### TASK TO CARRY OUT
Nothing but the lines from the one that holds "Tea-or-coffee-with-more-caffeine" through the end of the material should be repeated, each exactly as it stands, and pictures stay out.

### GIVEN MATERIAL
[Start of section]

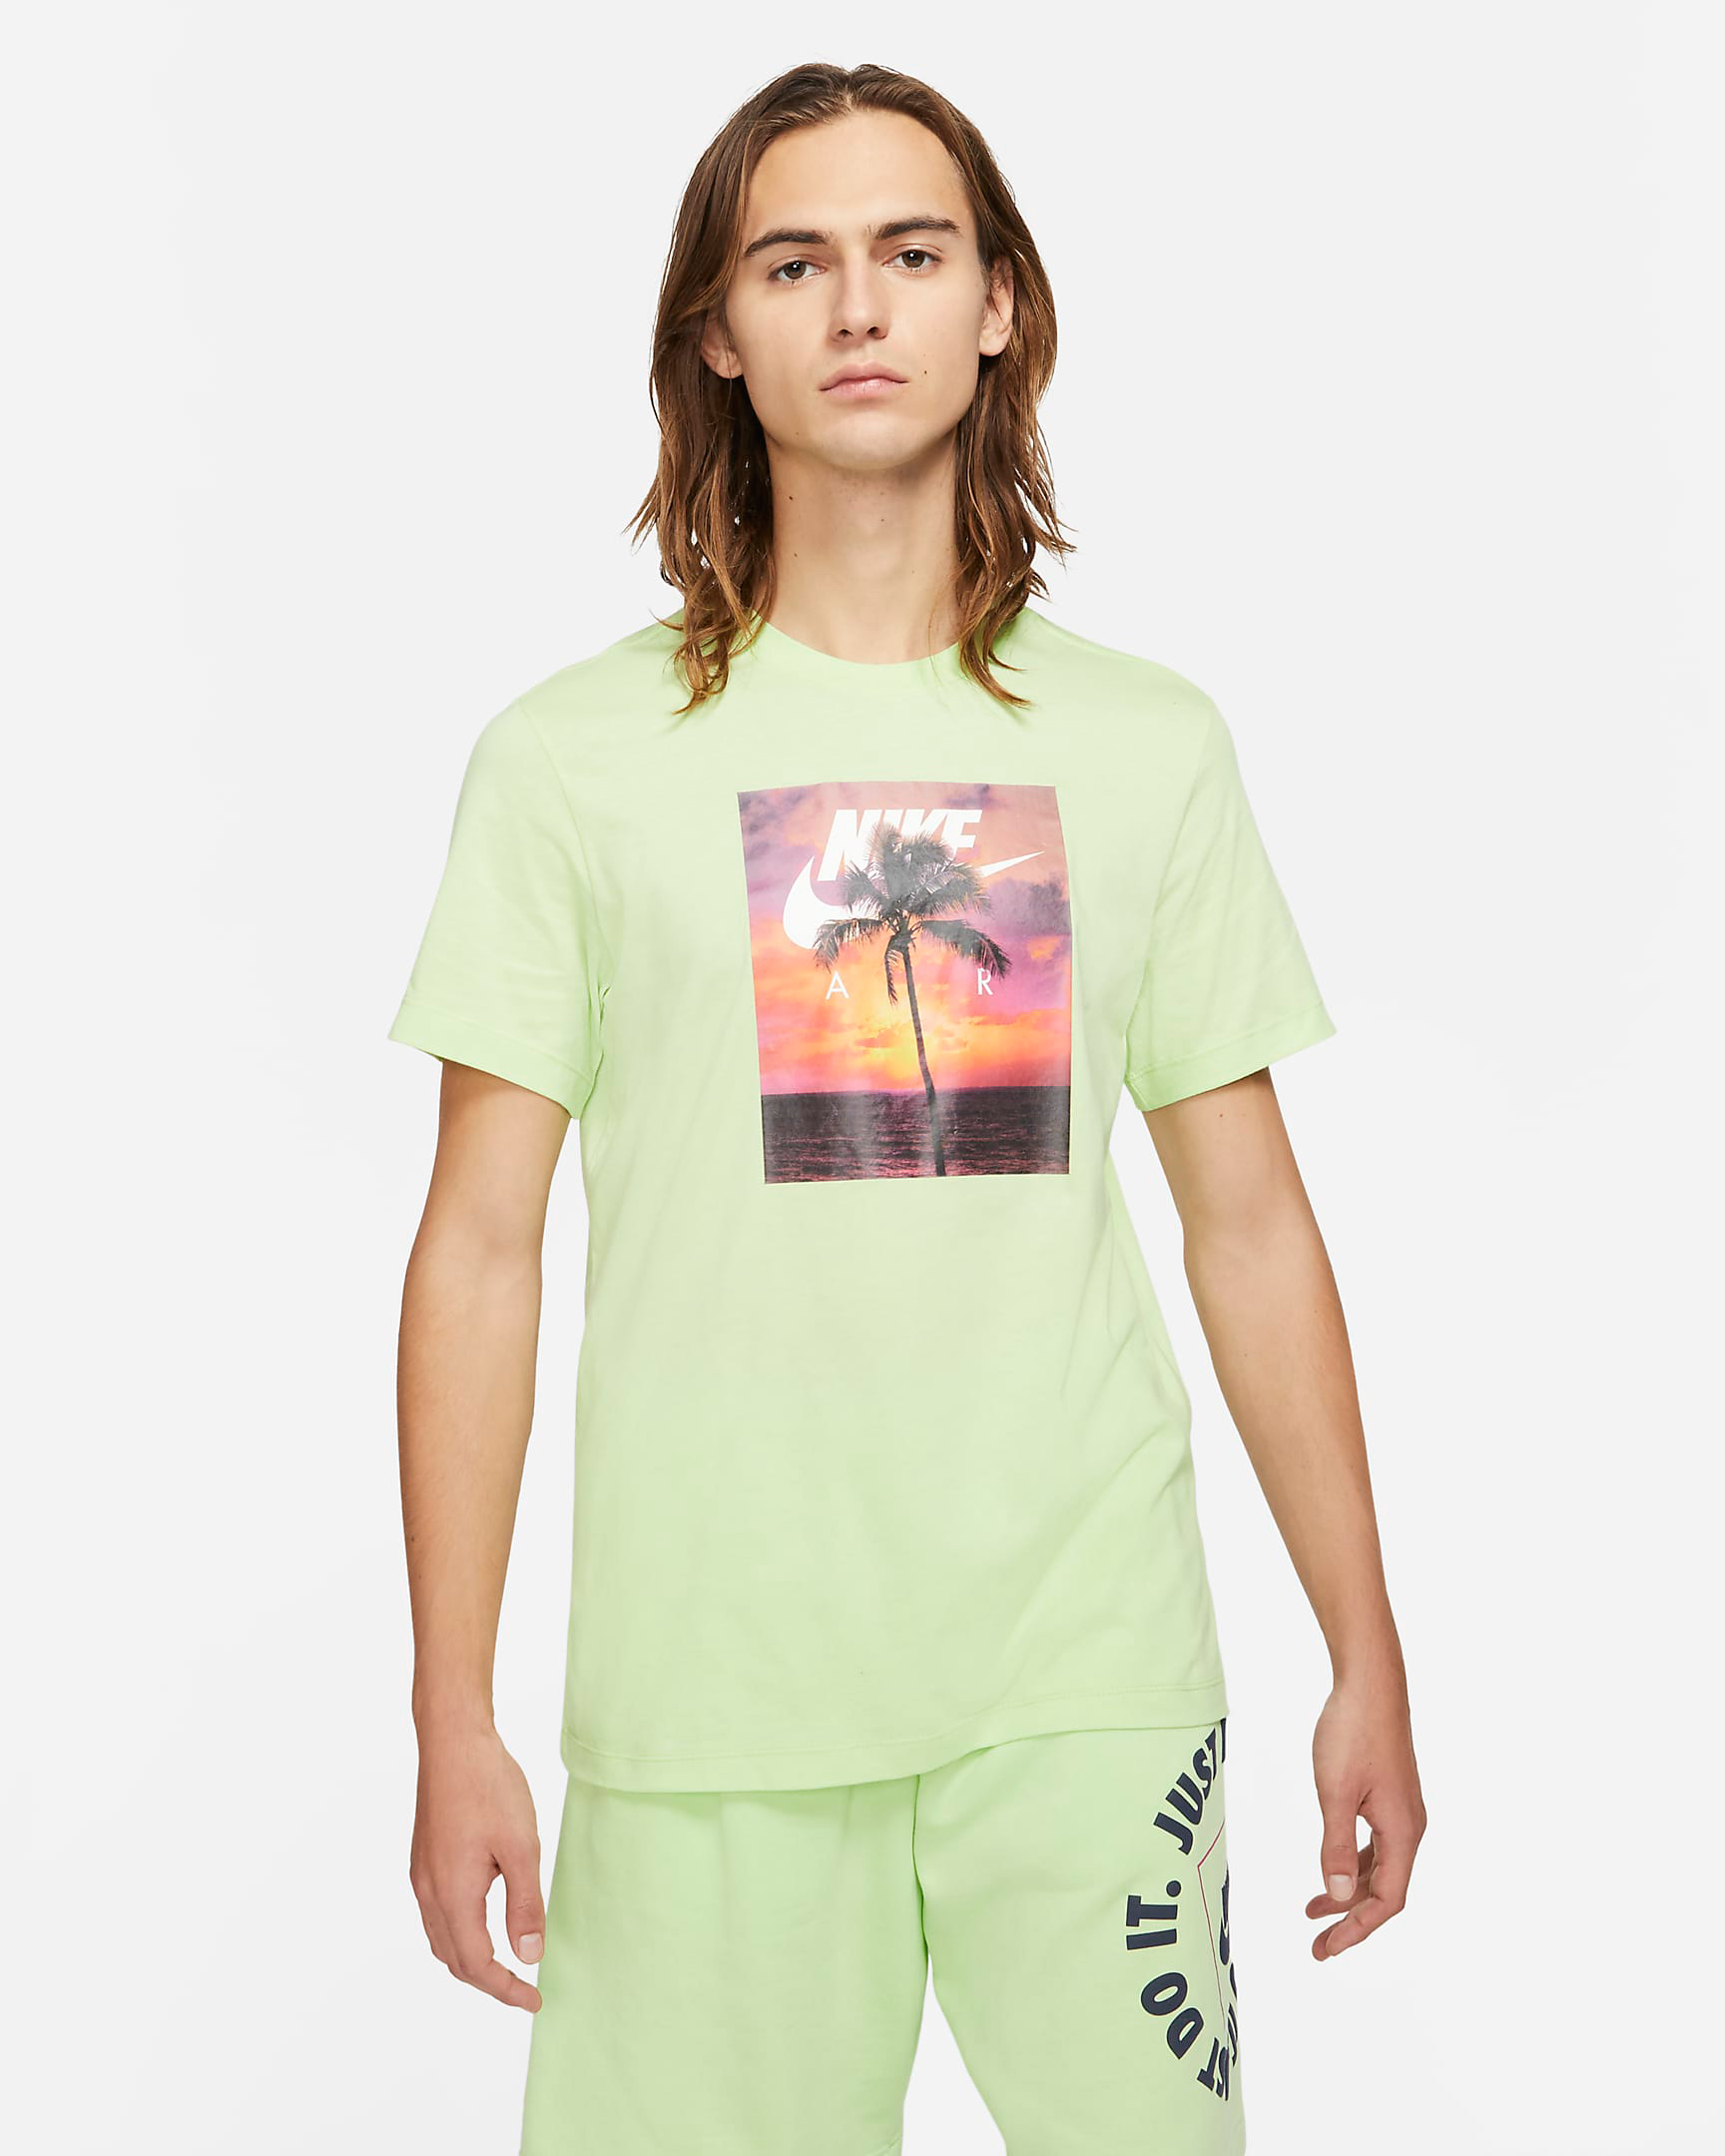 nike-light-liquid-lime-palm-tree-sunset-shirt
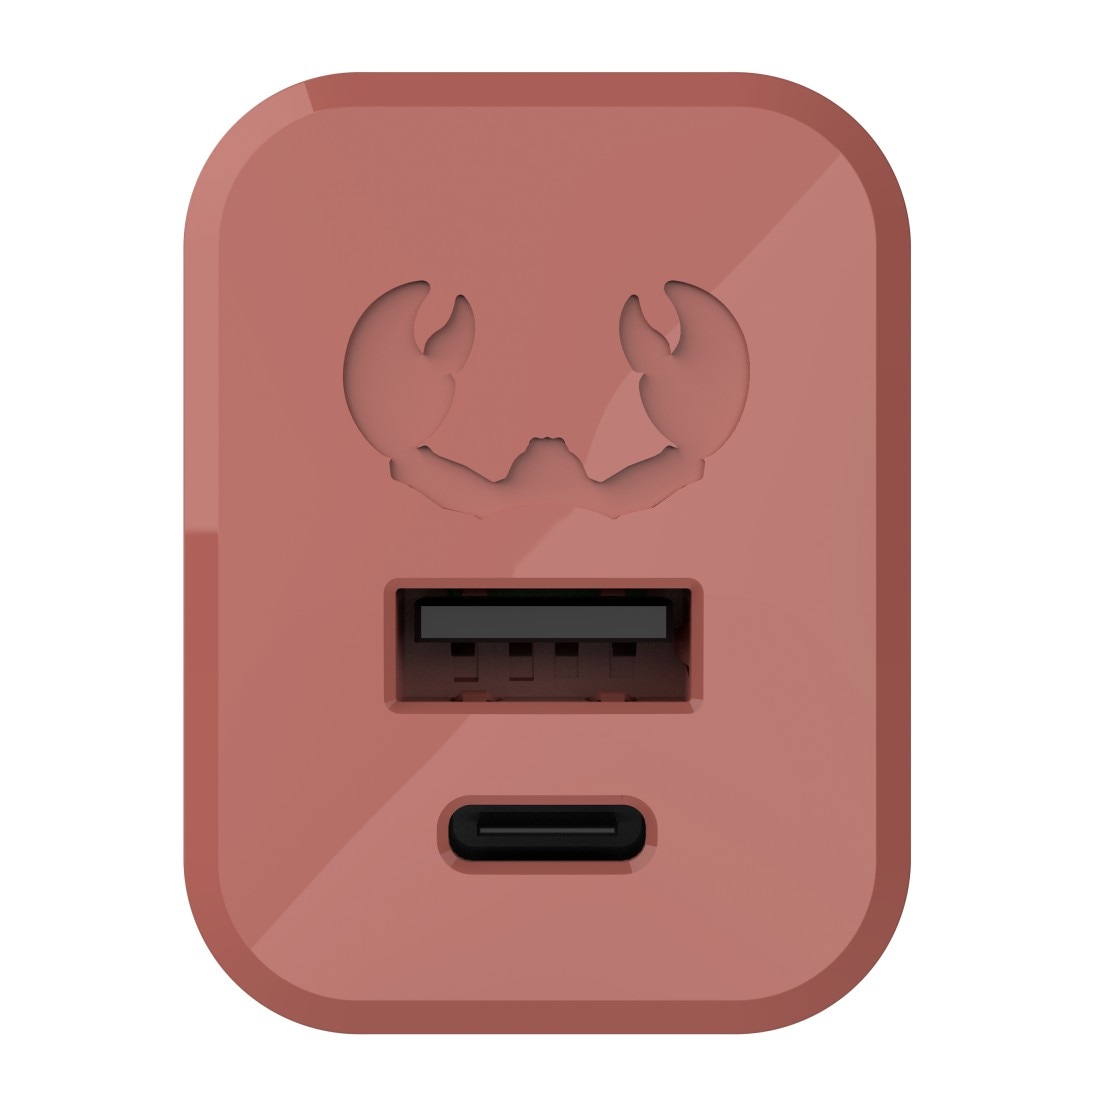 Fresh´n Rebel Schnelllade-Gerät »Mini-Charger USB-C- und USB-A, PD 45W, USB-C-Kabel 2m«, (2 St.)
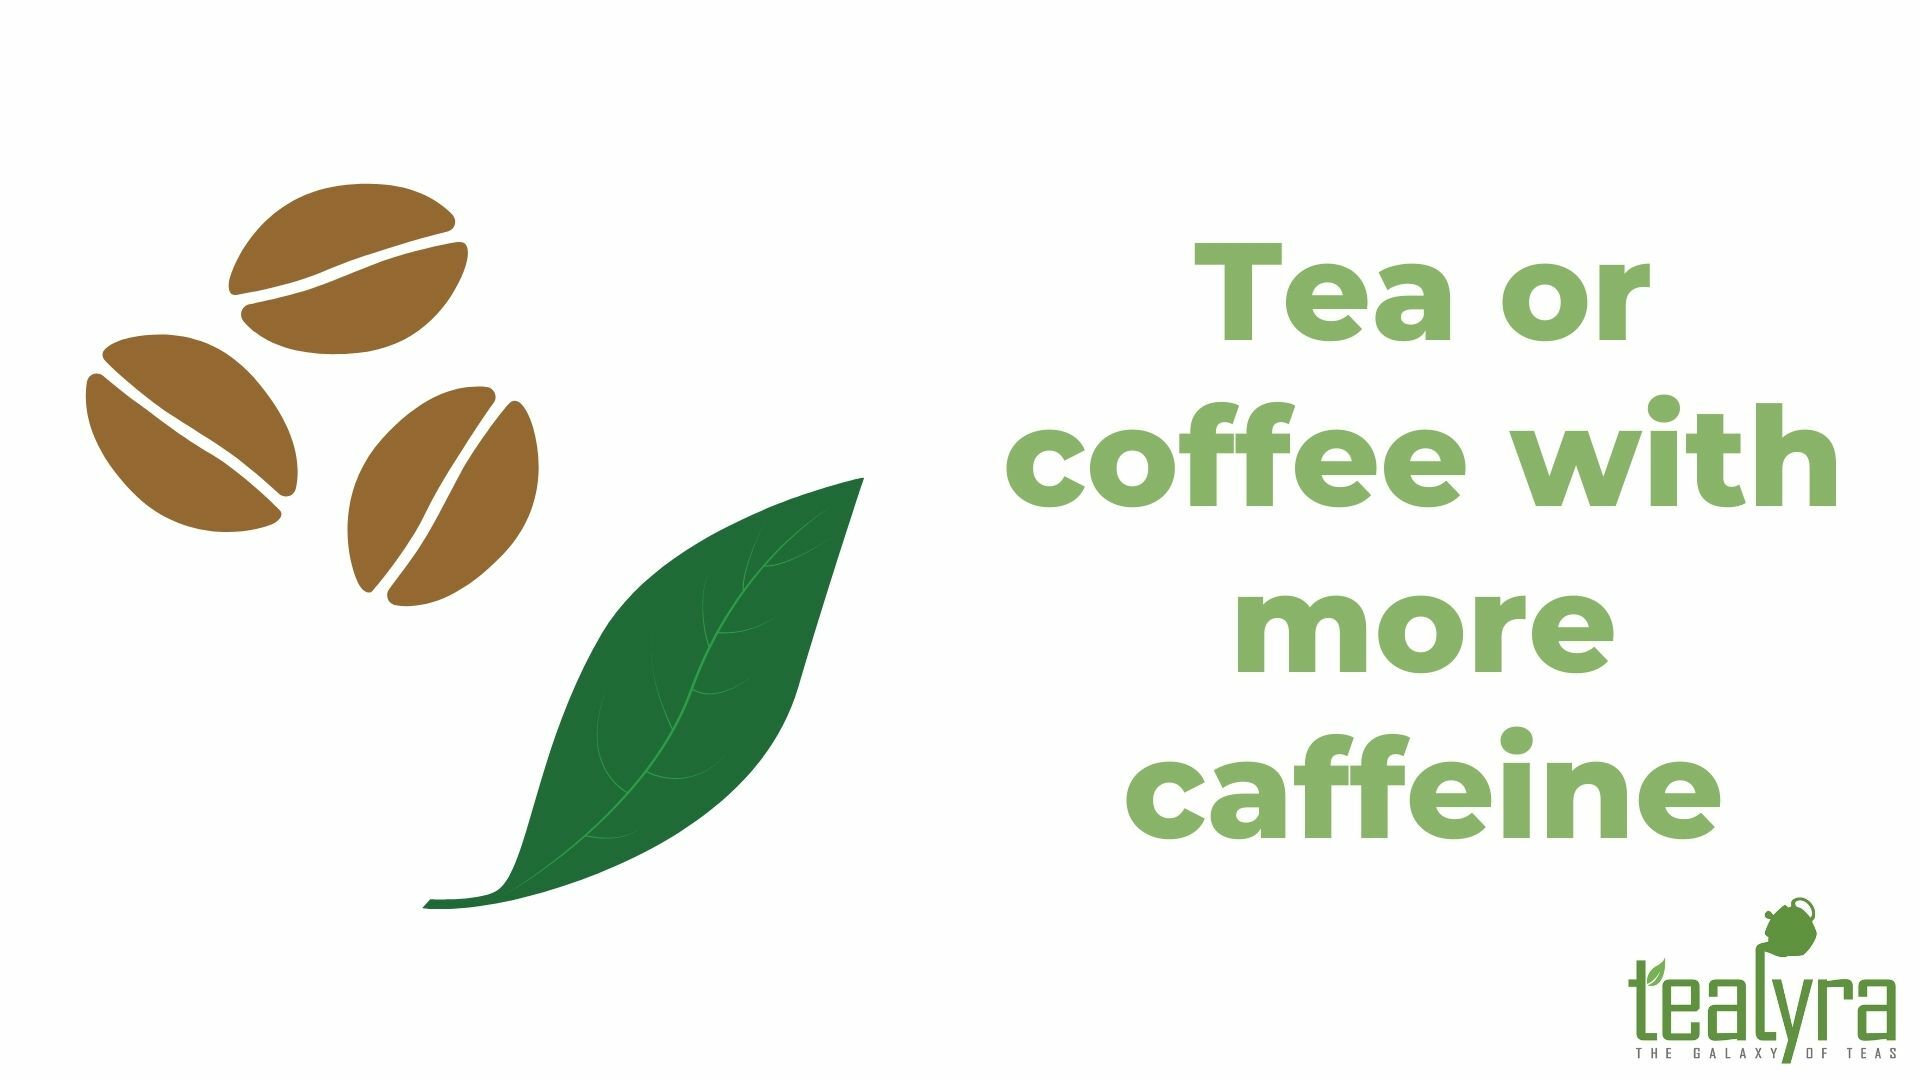 Tea-or-coffee-with-more-caffeine
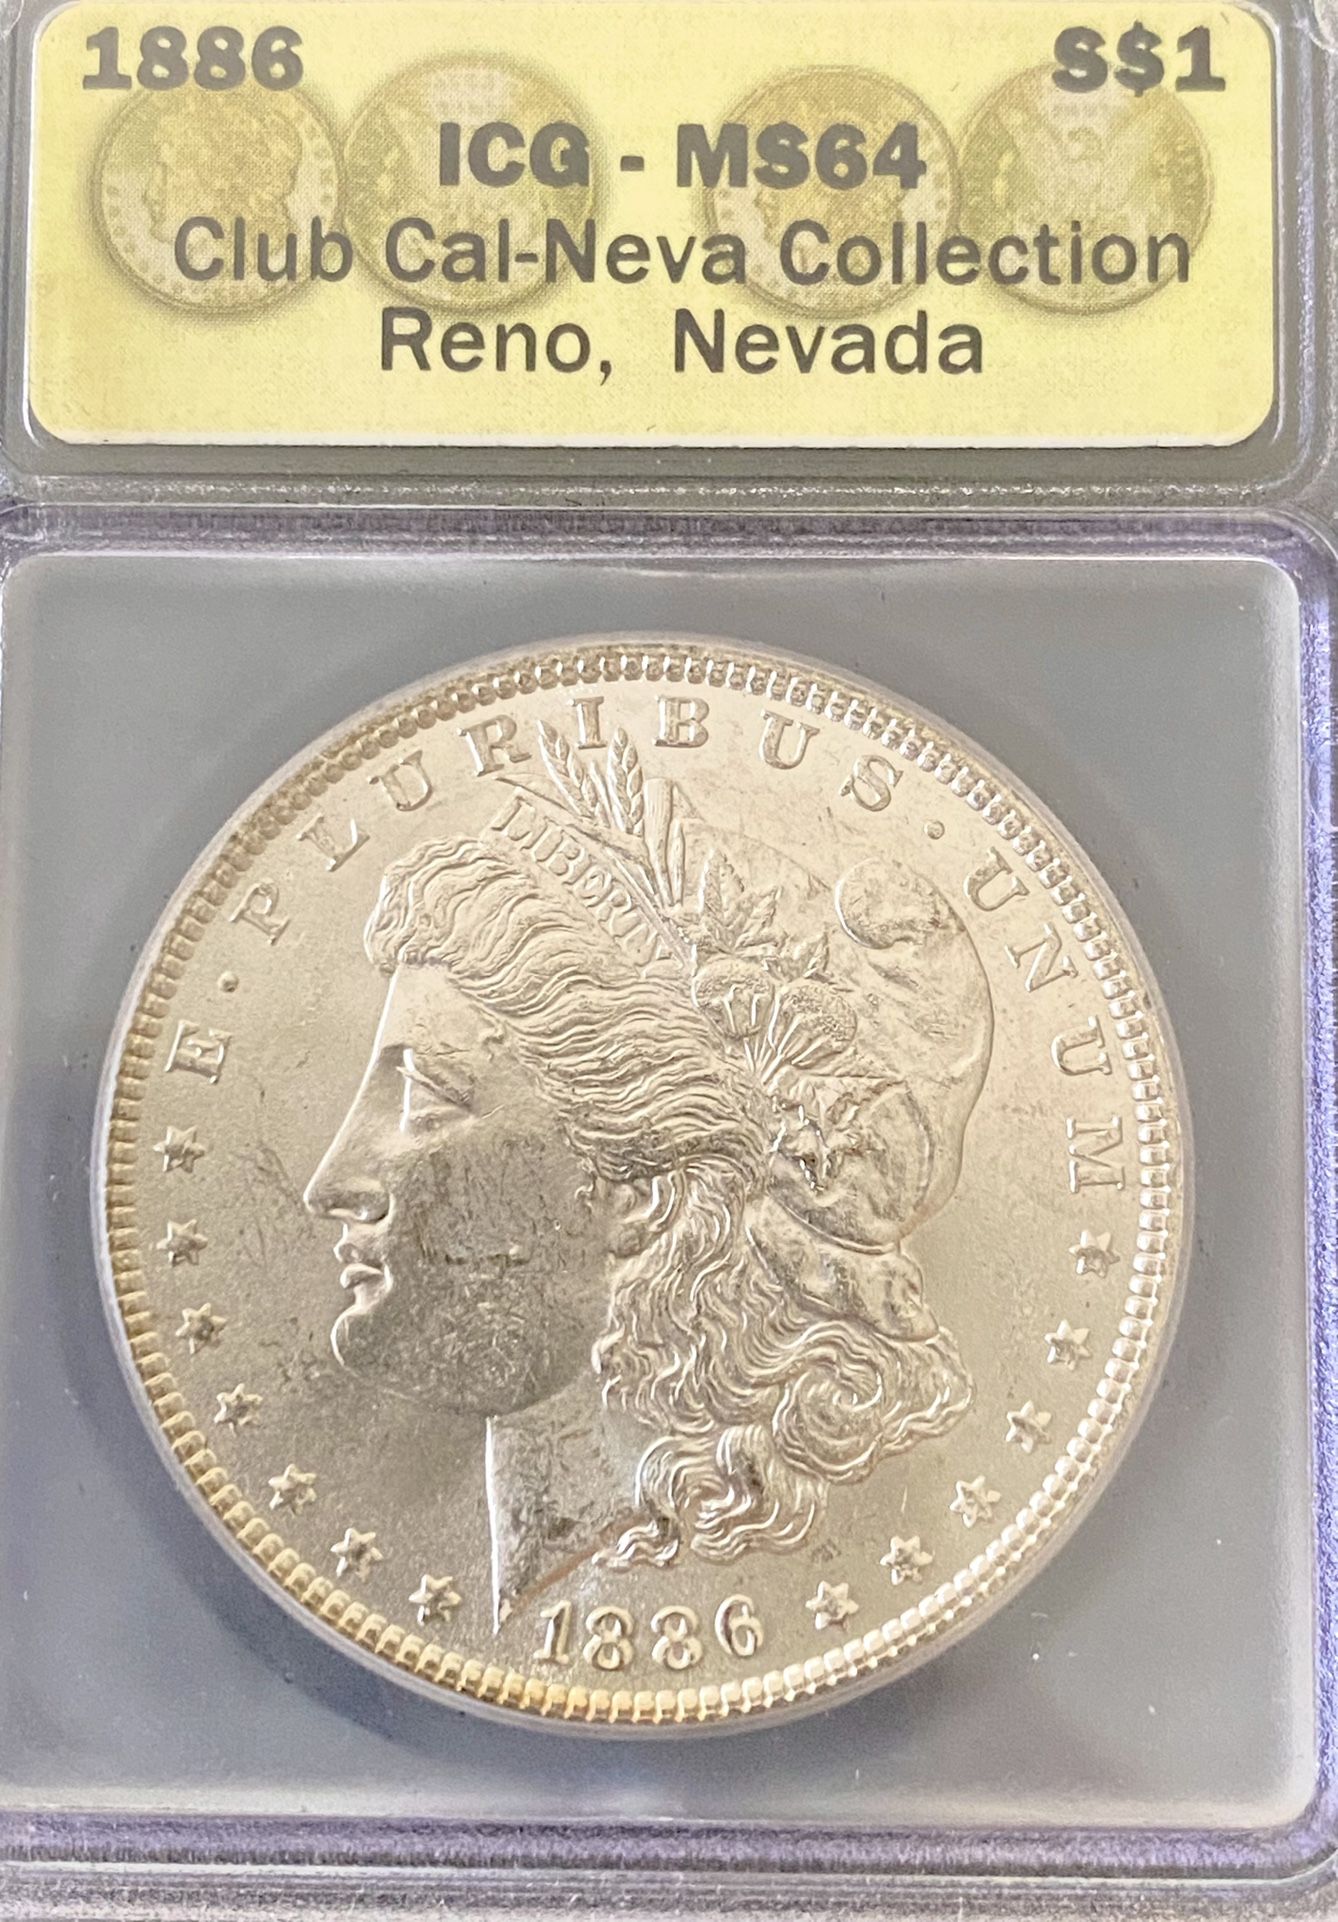  1886 Morgan Silver Dollar. ICG MS64 - Club Cal-Neva Collection pedigree

[End of section]

### RESPONSE AREA
 Tea-or-coffee-with-more-caffeine
  1886 Morgan Silver Dollar. ICG MS64 - Club Cal-Neva Collection pedigree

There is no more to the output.